A pessoa perante Deus é o que é ou aquilo que ela consegue ser, uma vez que diante do Pai misericordioso nada se esconde aos seus olhos. Em nenhum momento a proposta evangelizadora de Jesus aparece como um ato de imposição. Nas suas andanças pela Palestina sempre mostrou que seu projeto de vida vai além de uma condição humana. Quando não há clima, ela usa de estratégias para ir ao encontro da pessoa e inclusive trabalha para curar os corações feridos, caso seja necessário. É diante da pessoa de Jesus de Nazaré que cada pessoa consegue emendar a sua vida e, naturalmente, quando este irmão coloca-se a disposição para reconstruir o seu caminho da interioridade, estar buscando encontrar o próprio Senhor que habita em nós.

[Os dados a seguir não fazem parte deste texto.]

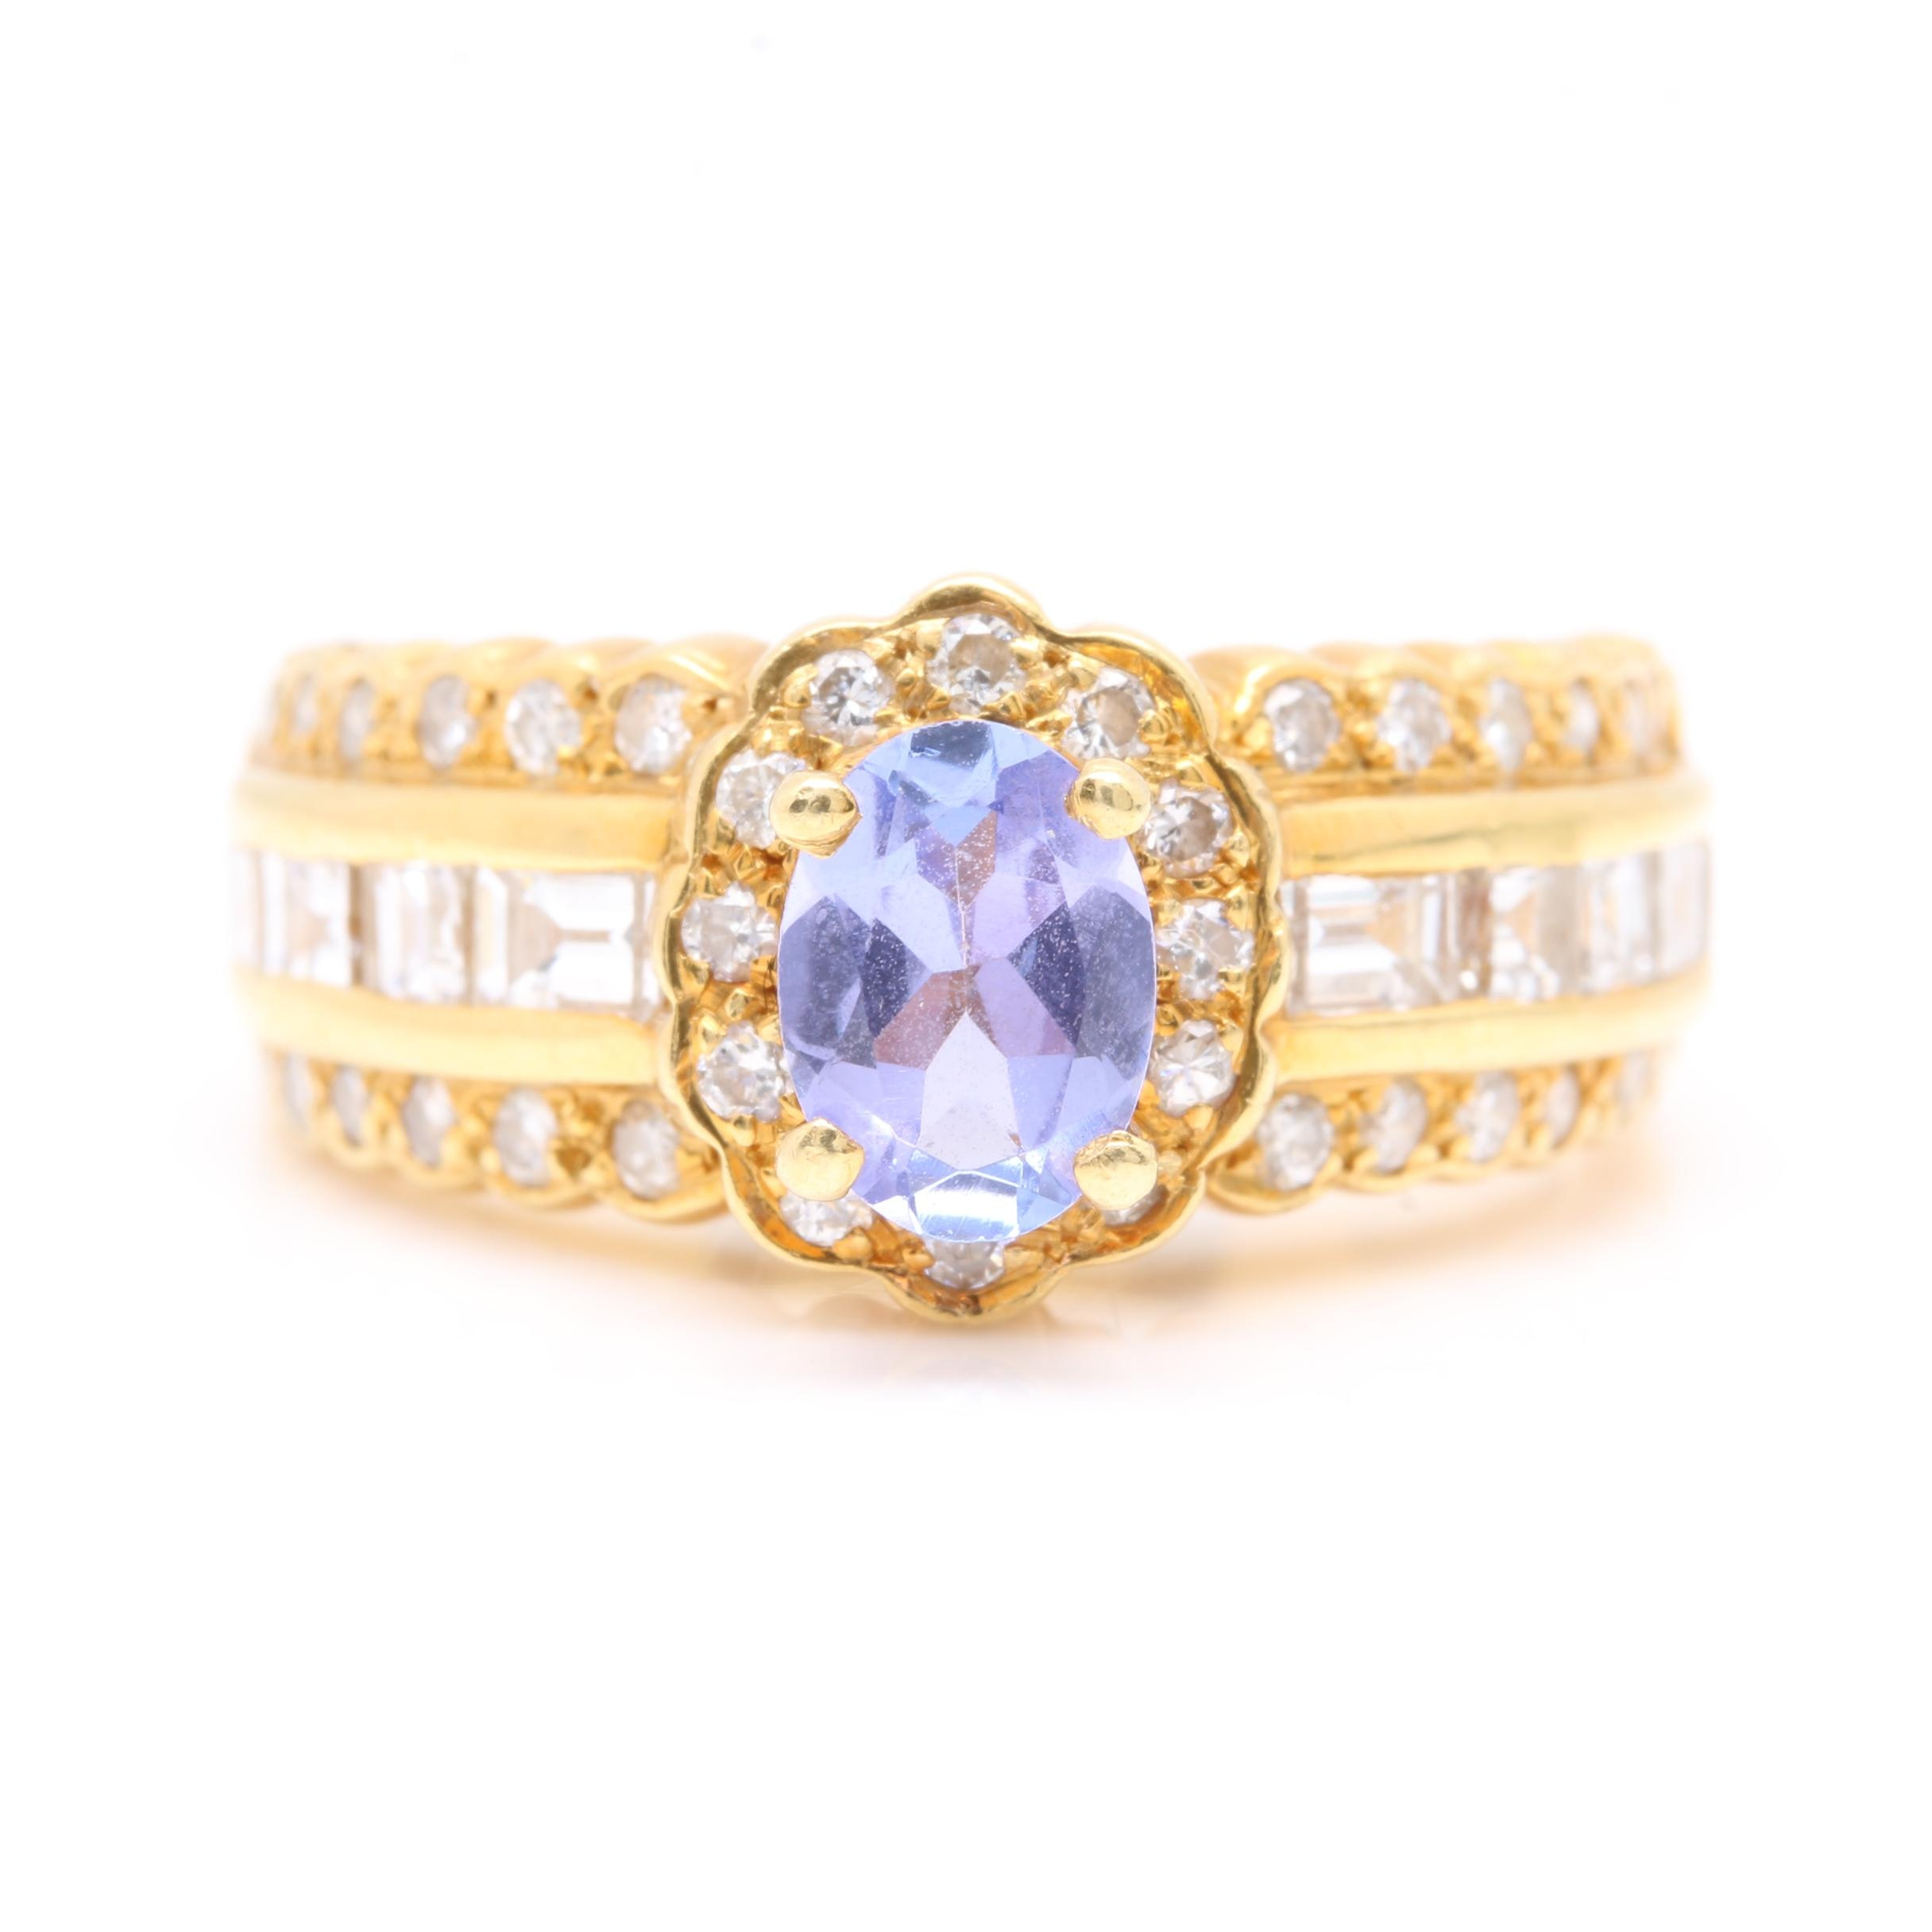 18K Yellow Gold Tanzanite and 1.45 CTW Diamond Ring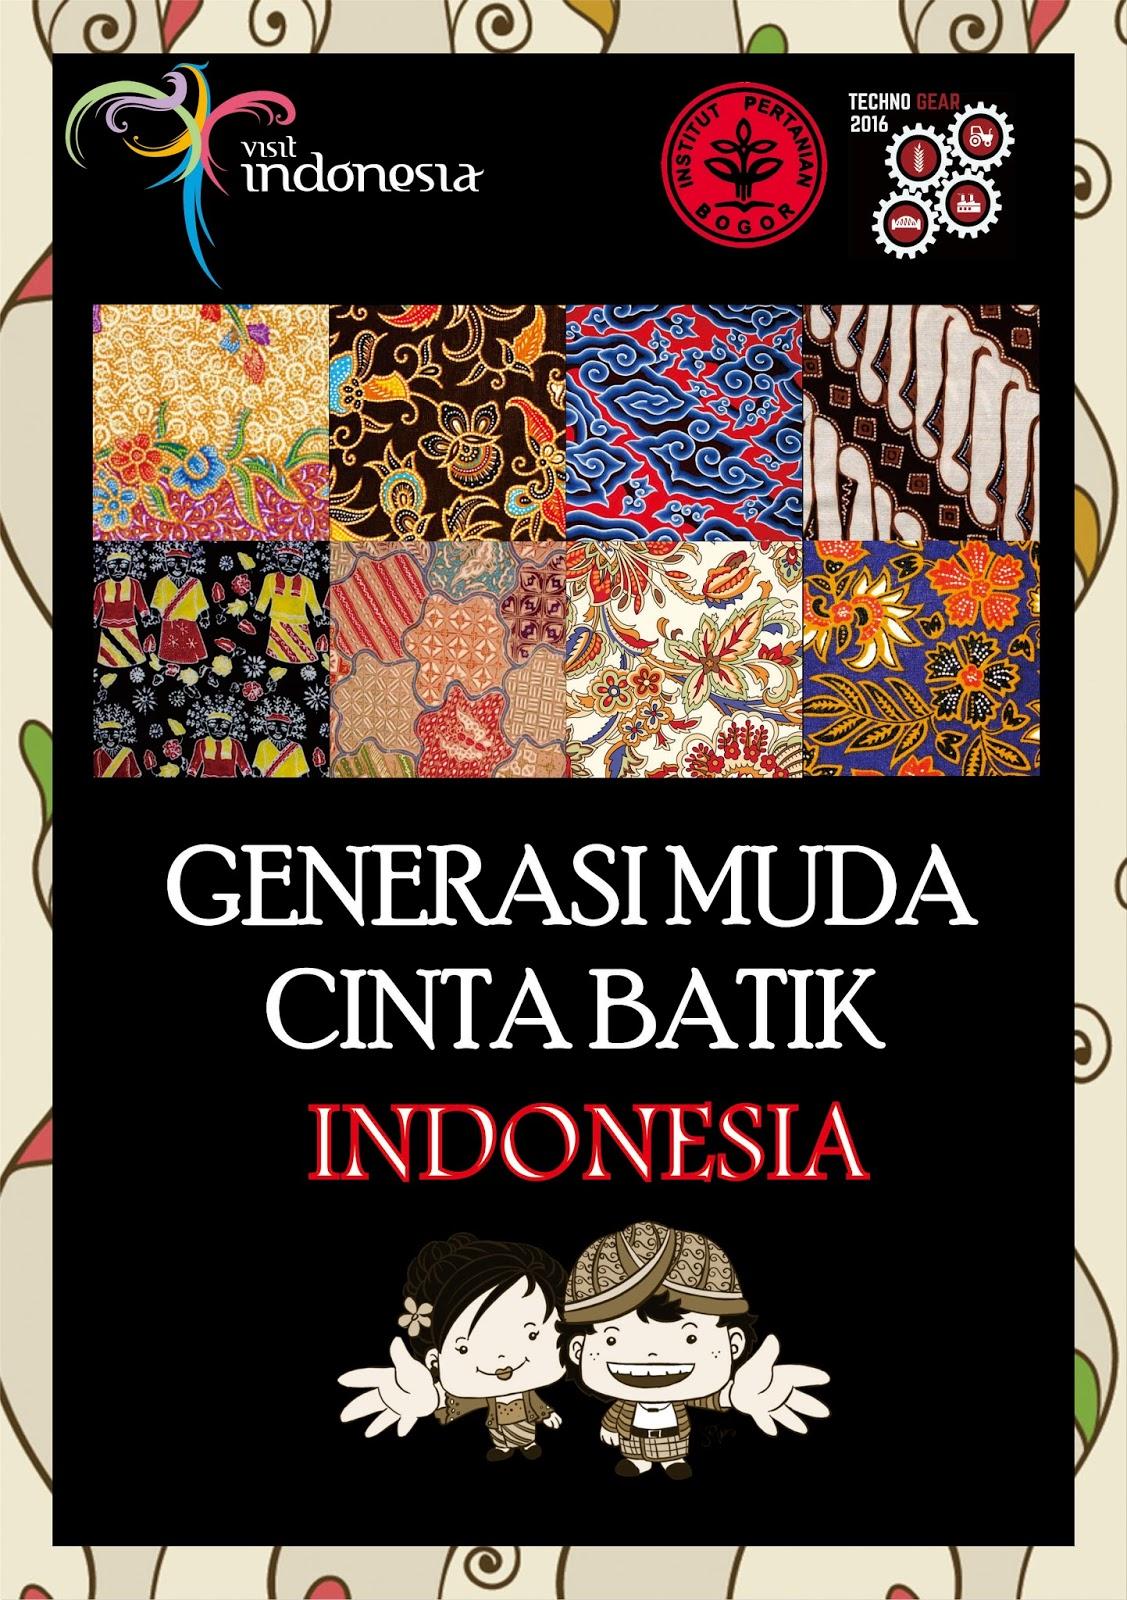 Teknologi Pertanian Poster Aku Padamu Indonesia

AGOSTINHO, Santo. Confissões. Trad. J. Oliveira Santos e A. Ambrósio de Pina. 28ª ed. Petrópolis, RJ: Vozes: Bragança Paulista, SP: Editora Universitária São Francisco, 2015 (Coleção Pensamento Humano).
___________O Mestre. Trad. Agustinho Belmonte. São Paulo: Paulus, 2008. Páginas 353-415 (Coleção Patrística; 24).
BÍBLIA SAGRADA. Tradução da Conferência Nacional dos Bispos do Brasil. Edições CNBB: Brasília, DF, 2011.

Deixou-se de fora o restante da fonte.